PROMPT:
Set down nothing but the lines from the one containing "BMW M2 vs M4 sidebyside comparison carwow" to the final line of the material, exactly as written, and drop the pictures.

GIVEN DATA:
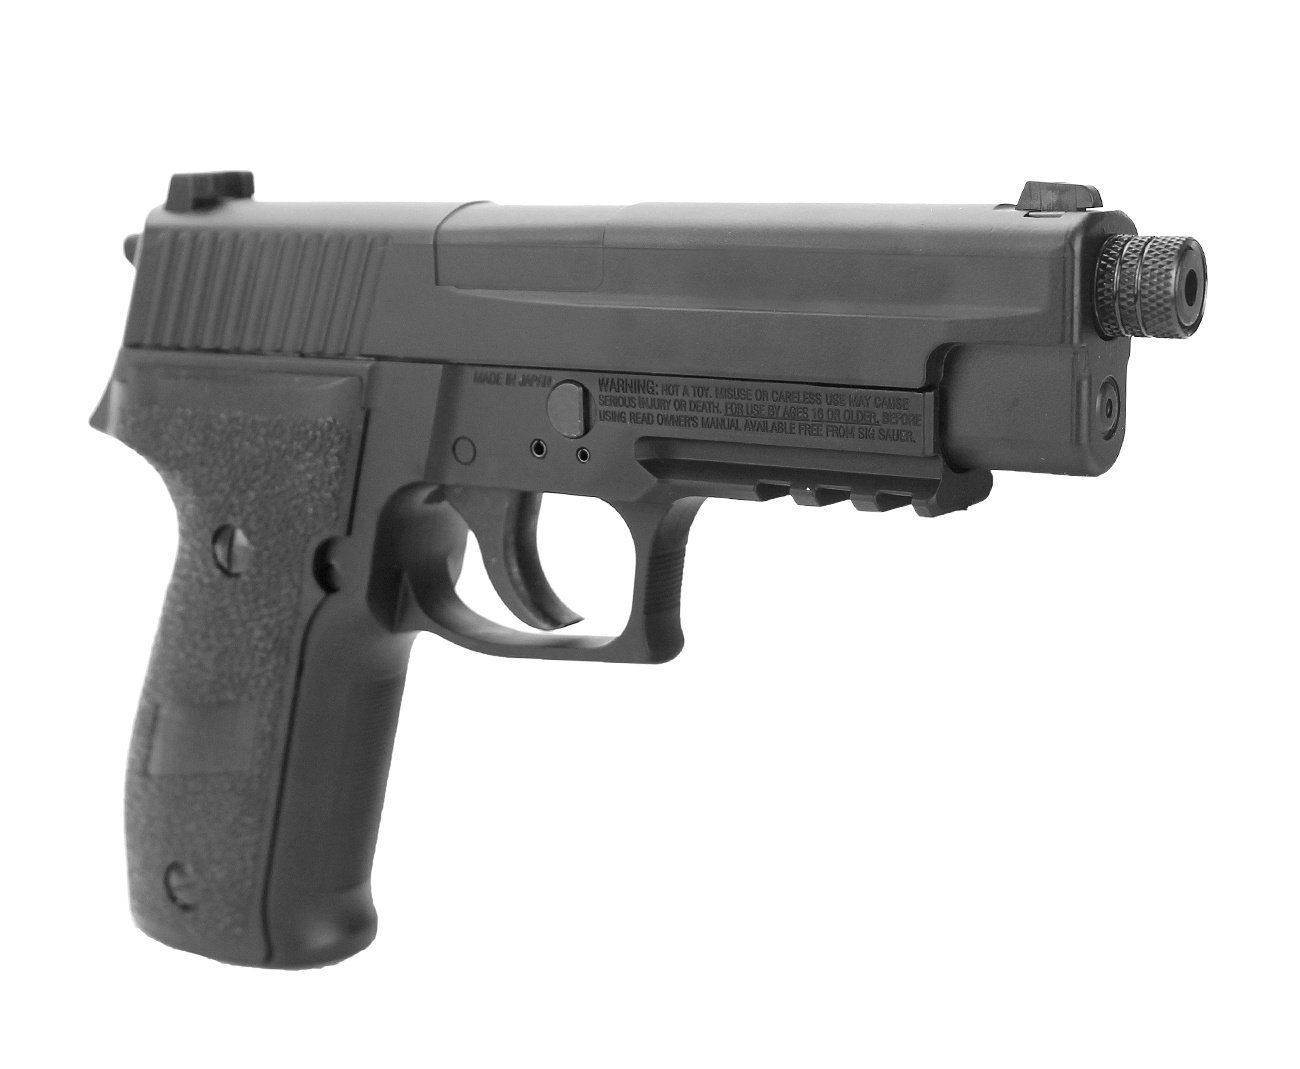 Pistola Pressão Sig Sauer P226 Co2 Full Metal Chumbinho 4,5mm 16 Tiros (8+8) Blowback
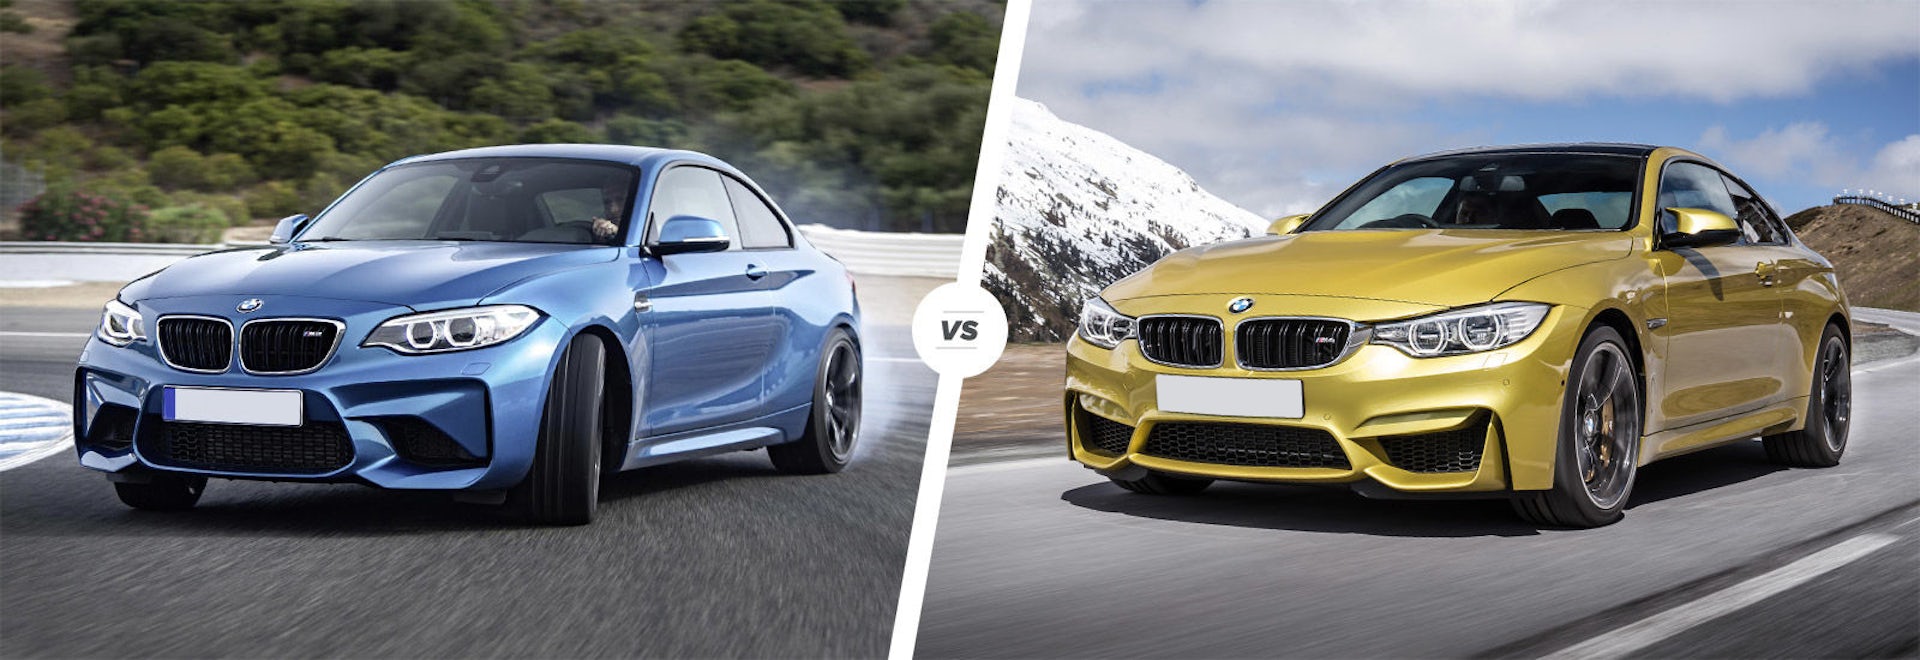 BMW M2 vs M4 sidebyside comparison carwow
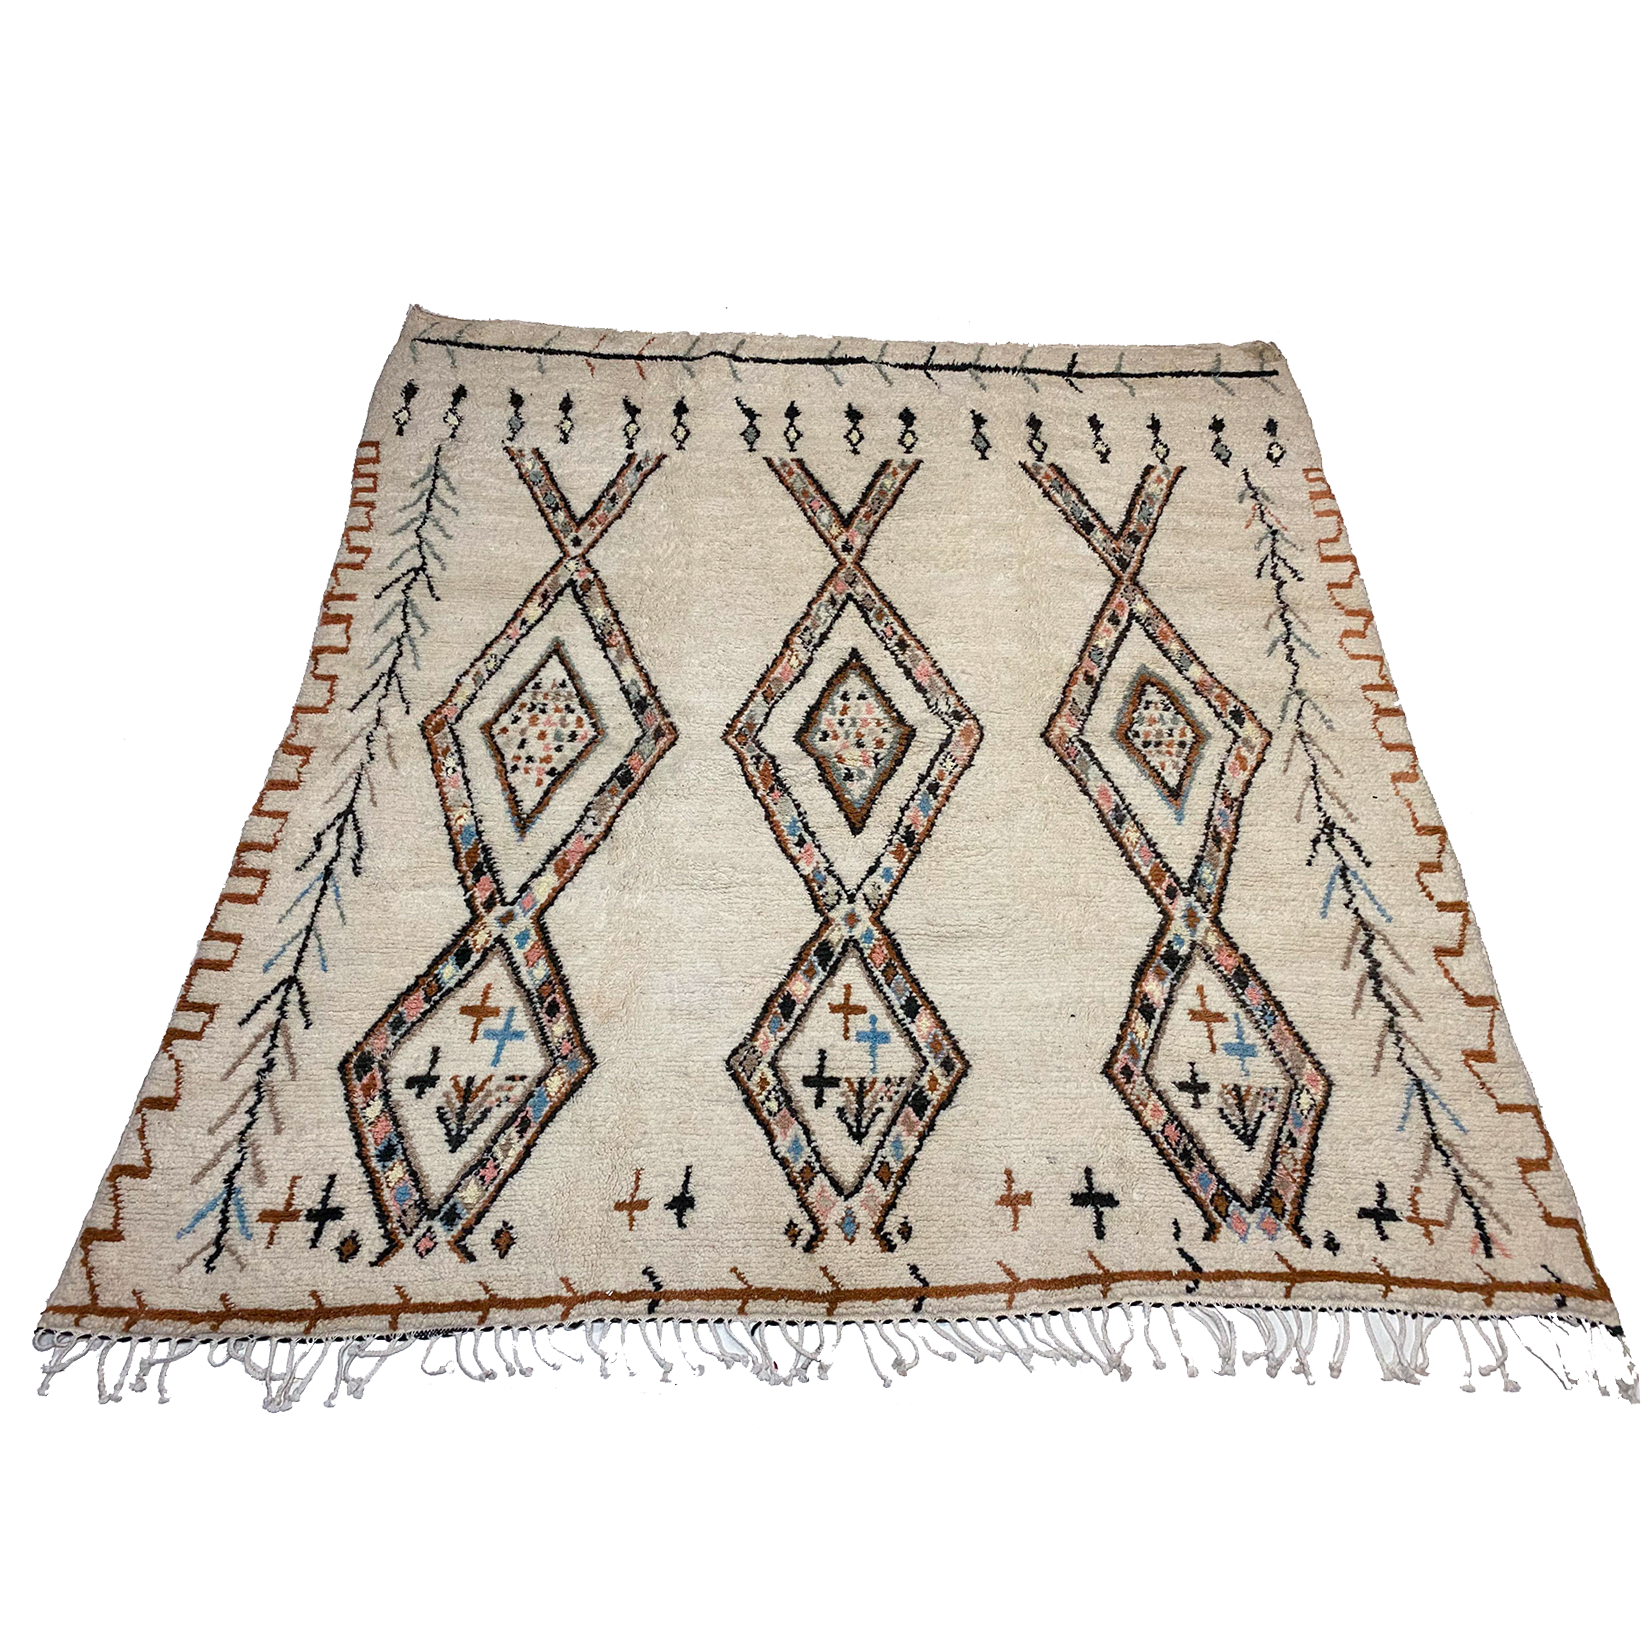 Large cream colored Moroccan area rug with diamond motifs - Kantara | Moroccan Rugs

ANSWER SPACE:
 BMW M2 vs M4 sidebyside comparison carwow
 Large cream colored Moroccan area rug with diamond motifs - Kantara | Moroccan Rugs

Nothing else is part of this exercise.